In selecting newspaper work as his life occupation Mr. Barnes made no mistake. He was a leader in thought and in ac­tion, and made this leadership effective through his writings for the press.   He possessed a forceful style - sometimes much too forceful for the comfort of his political opponents.  His contests, how­ever, were against principles, not against men per­sonally; and he never cherished a grudge, nor displayed any kind of meanness in his controver­sies. He was, indeed, incapable of such things, and was singularly loyal in his friendships. It is worthy of note that he always kept his publica­tions scrupulously clean and elevating in their moral tone.

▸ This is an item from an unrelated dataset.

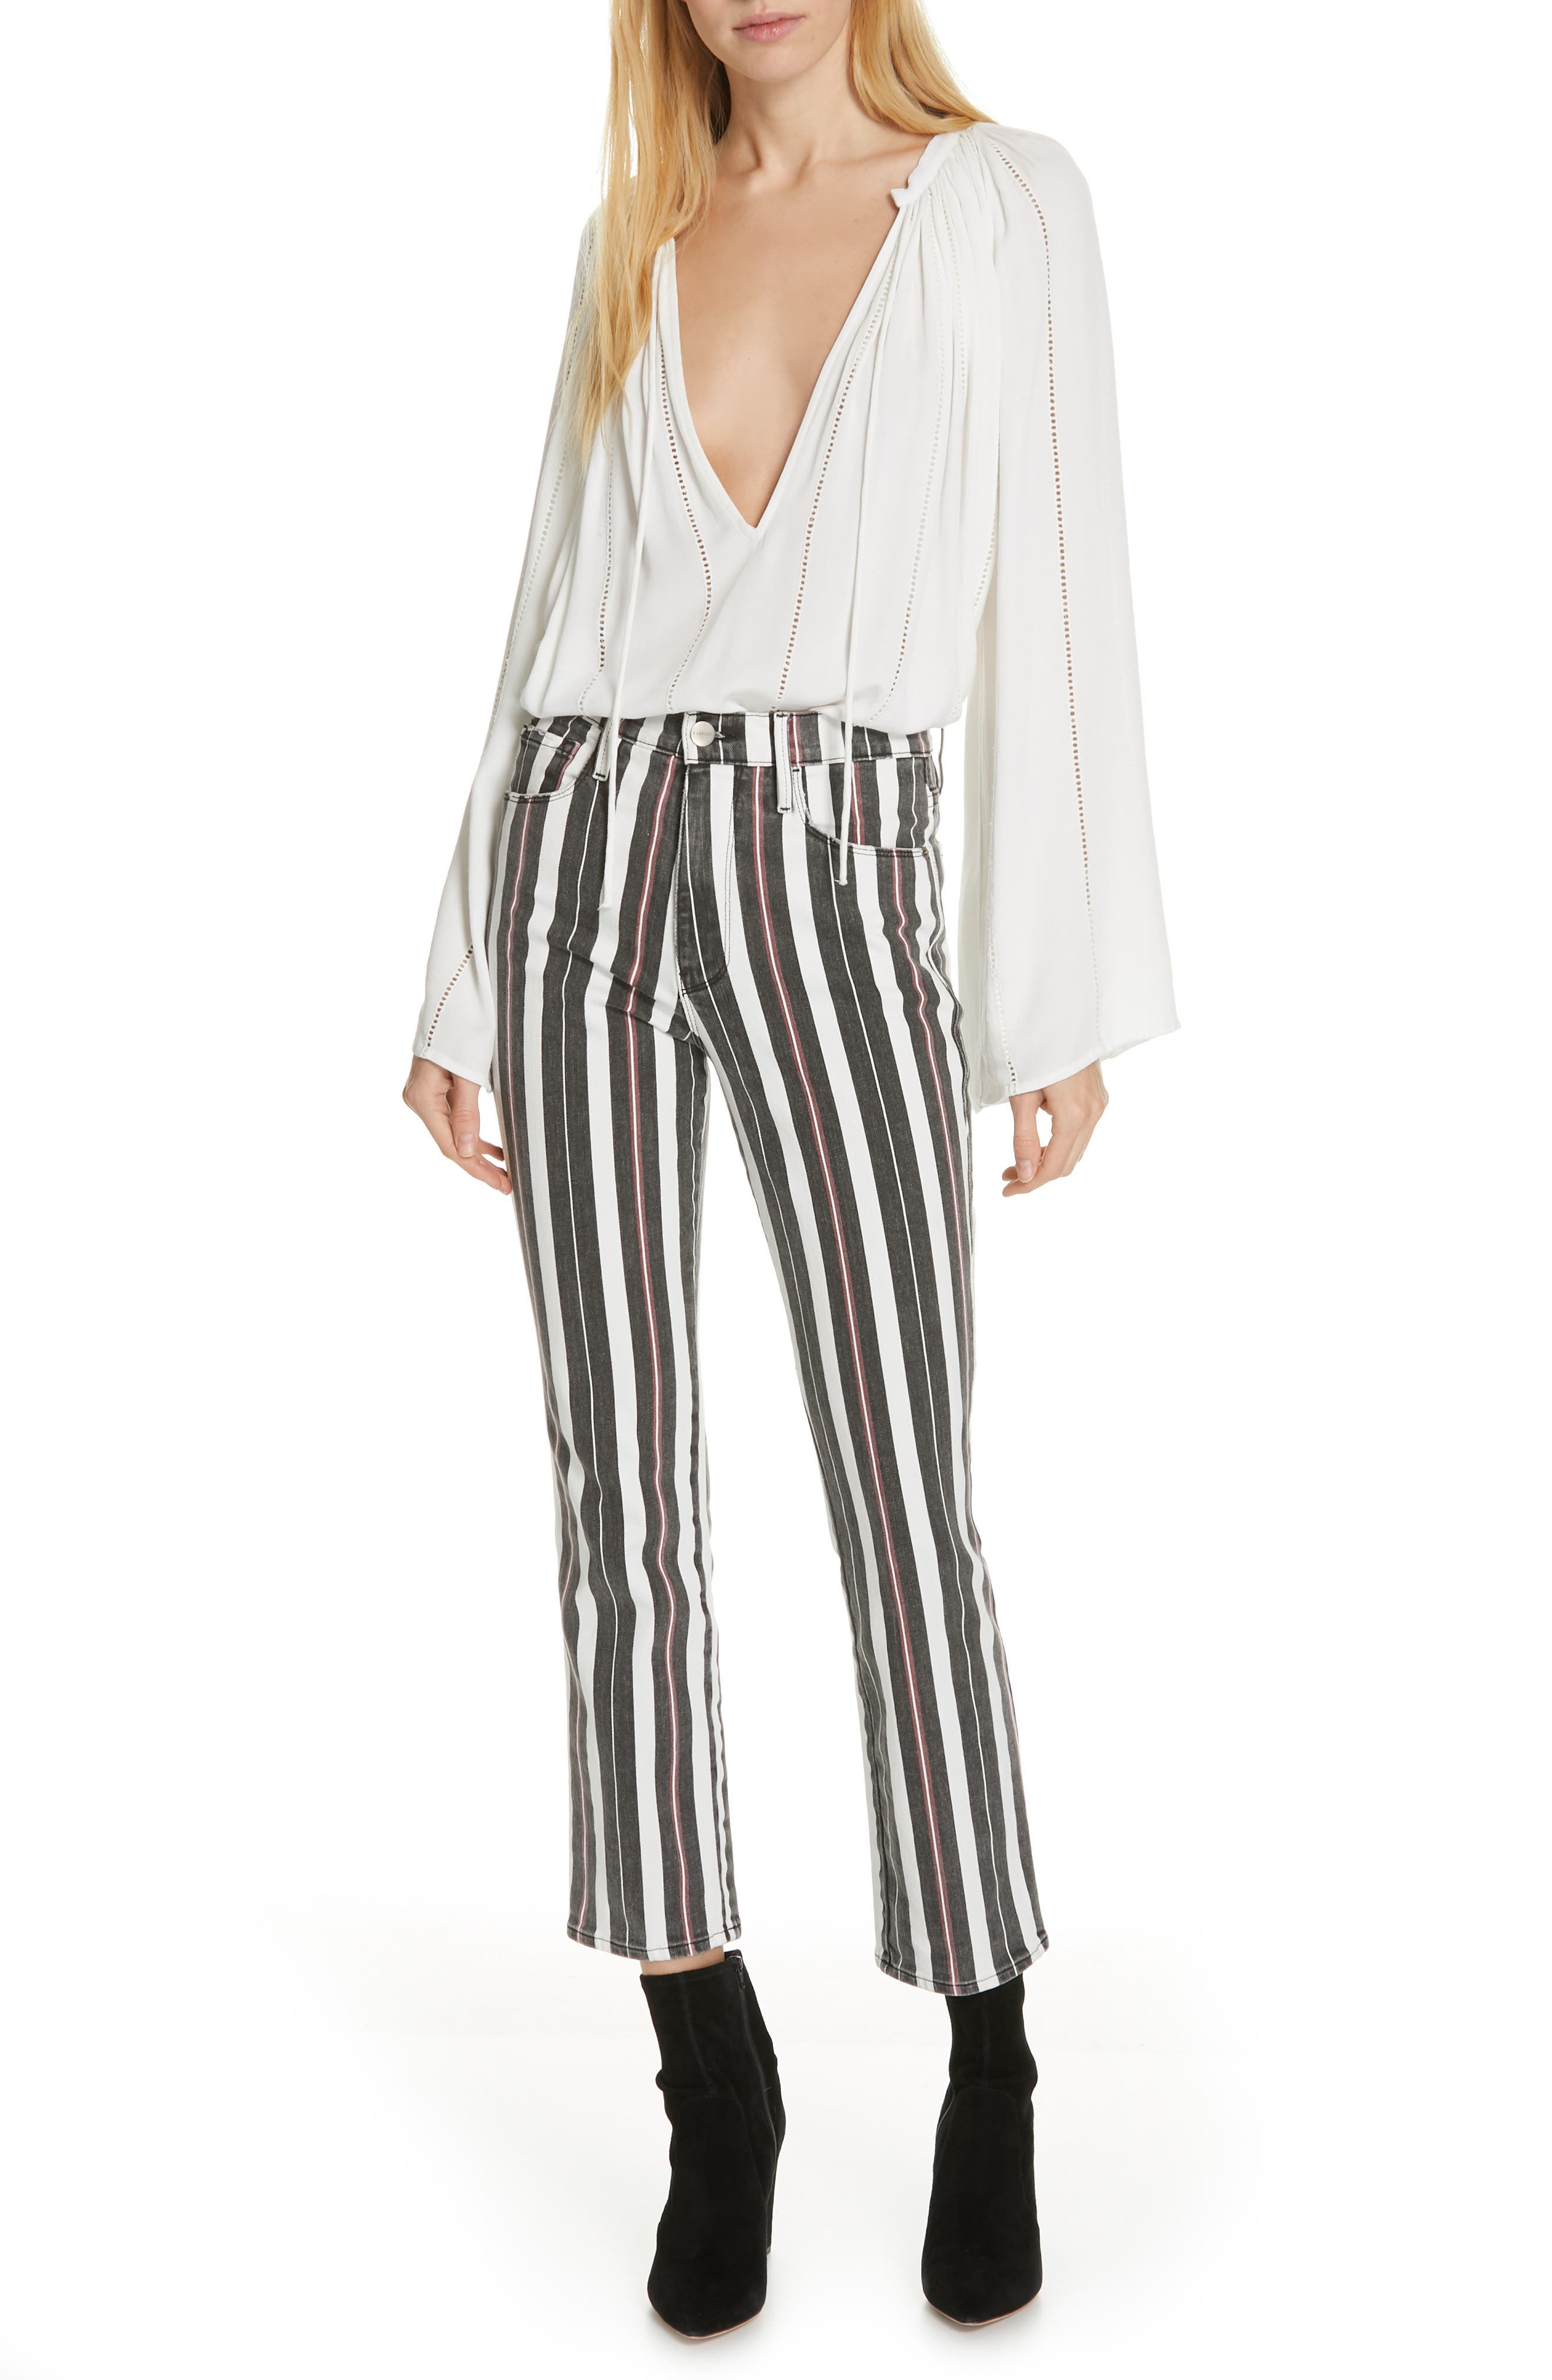 Le Sylvie Band Stripe Straight Leg Jeans,                             Alternate thumbnail 7, color,                             BAND STRIPE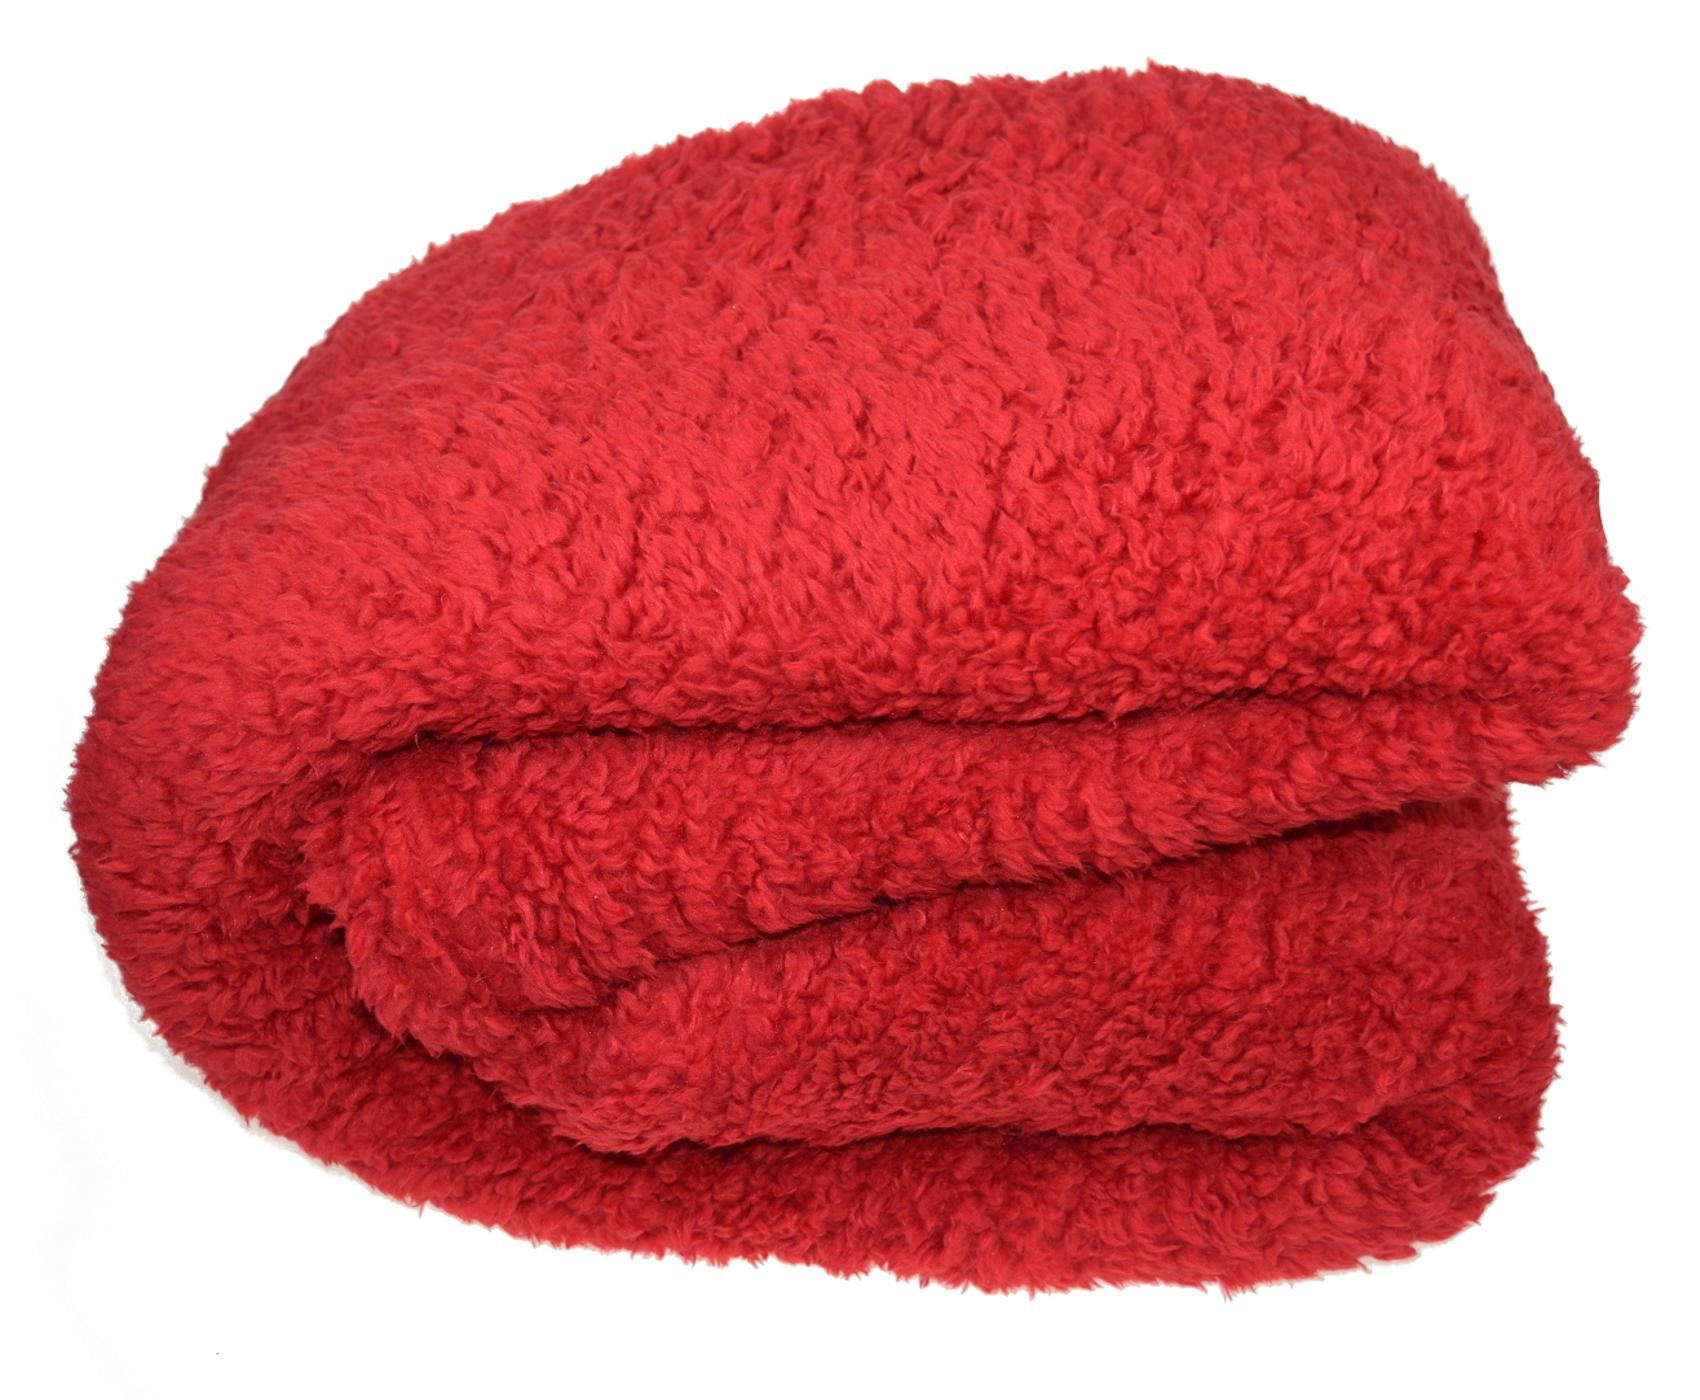 Super Soft Teddy Fleece Blanket Cosy Sofa Bed

Mr. Barnes filled various public positions with distinction. During his residence in Bath he was for four years assistant assessor and deputy collector of United States internal revenue. For somewhat more than a year he held the office of special United States pension examiner, resigning the position in 1883.  In 1886 Governor Hill appointed him one of the three commissioners of the state of New York on prison-labor reform. The arduous work of this body fell largely into Mr. Barnes’s hands; and the report of the commission, which is regarded as a valuable public document, was written entirely by him.

PERSONAL CHIRONOLOGY- Enos Whittlesey Barnes was born at Rock Stream, NY., March 4, 1836; attended Geneva public schools; went to Bath, NY., in 1853 to learn the printer ‘s trade; married Sarah Hurd of Bath January 12, 1864; was connected with the Bath “Courier,” as local editor and half owner, 1856-75; was owner and editor of the “Allegany County Reporter,” Wellsville, NY’ from 1875, and of the Wellsville “Daily Reporter” from 1880, until his death January 8, 1888.